Australia has ‘been at net zero for a long time’: Ian Plimer

Geologist Ian Plimer argues Australia is already at net zero because the nation’s wealth of vegetation sequesters more carbon dioxide than the output of the population.

“We’ve been at net zero for a long time because we’re a very, very big country with very few people, we’ve got a huge amount of grasslands and forests,” he told Sky News Australia.

“If we look at the amount of carbon dioxide that we emit every year in this country, it’s about 417 million tonnes.

“Those grasslands and forests suck up 940 million tonnes per annum, so we’re already there, and then when you put the continental shelf of Australia around it, and that’s only 2.5 million square kilometers, we actually sequester five times as much carbon dioxide as we issue.”

Mr Plimer said Australia’s emissions situation wasn’t being recognized because it doesn’t “fit the narrative”.

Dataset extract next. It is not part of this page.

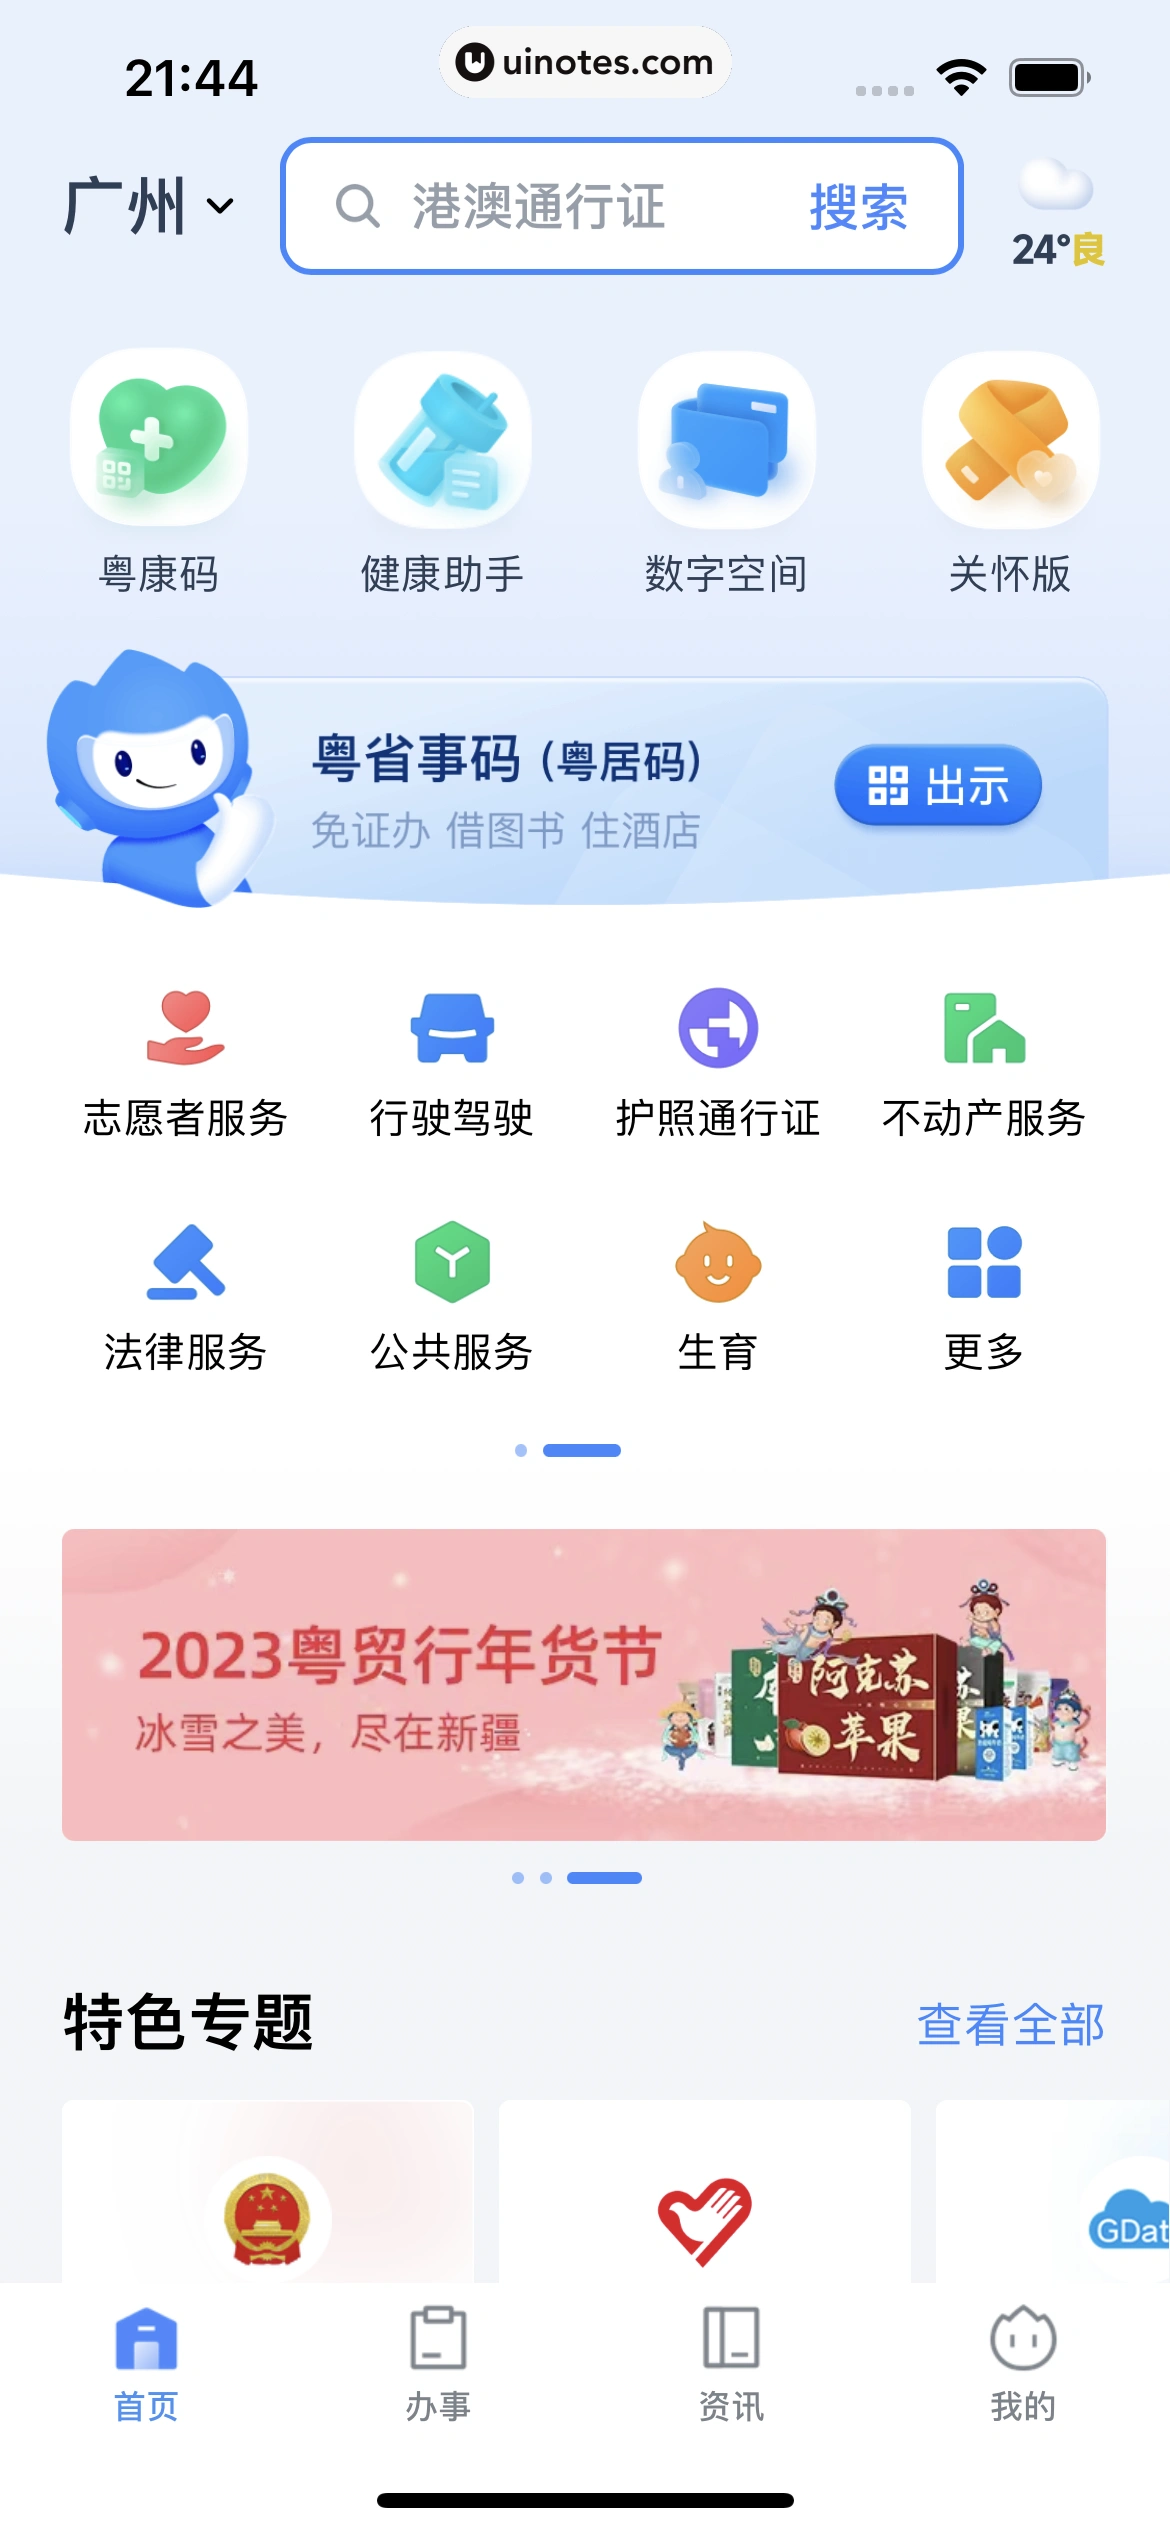 粤省事 App 截图 010 - UI Notes

“In this country, we do emit a lot of carbon dioxide per person, it’s about 20 tonnes per person per annum, and that’s because we do the heavy lifting for the rest of the world,” he said.

“If you do the sums, for our 7.6 million square kilometers in this country, we absorb more than we emit.”

According to the Department of Industry, Australia’s emissions in 2020 were 499 million tonnes, a 5 percent decrease in 2019.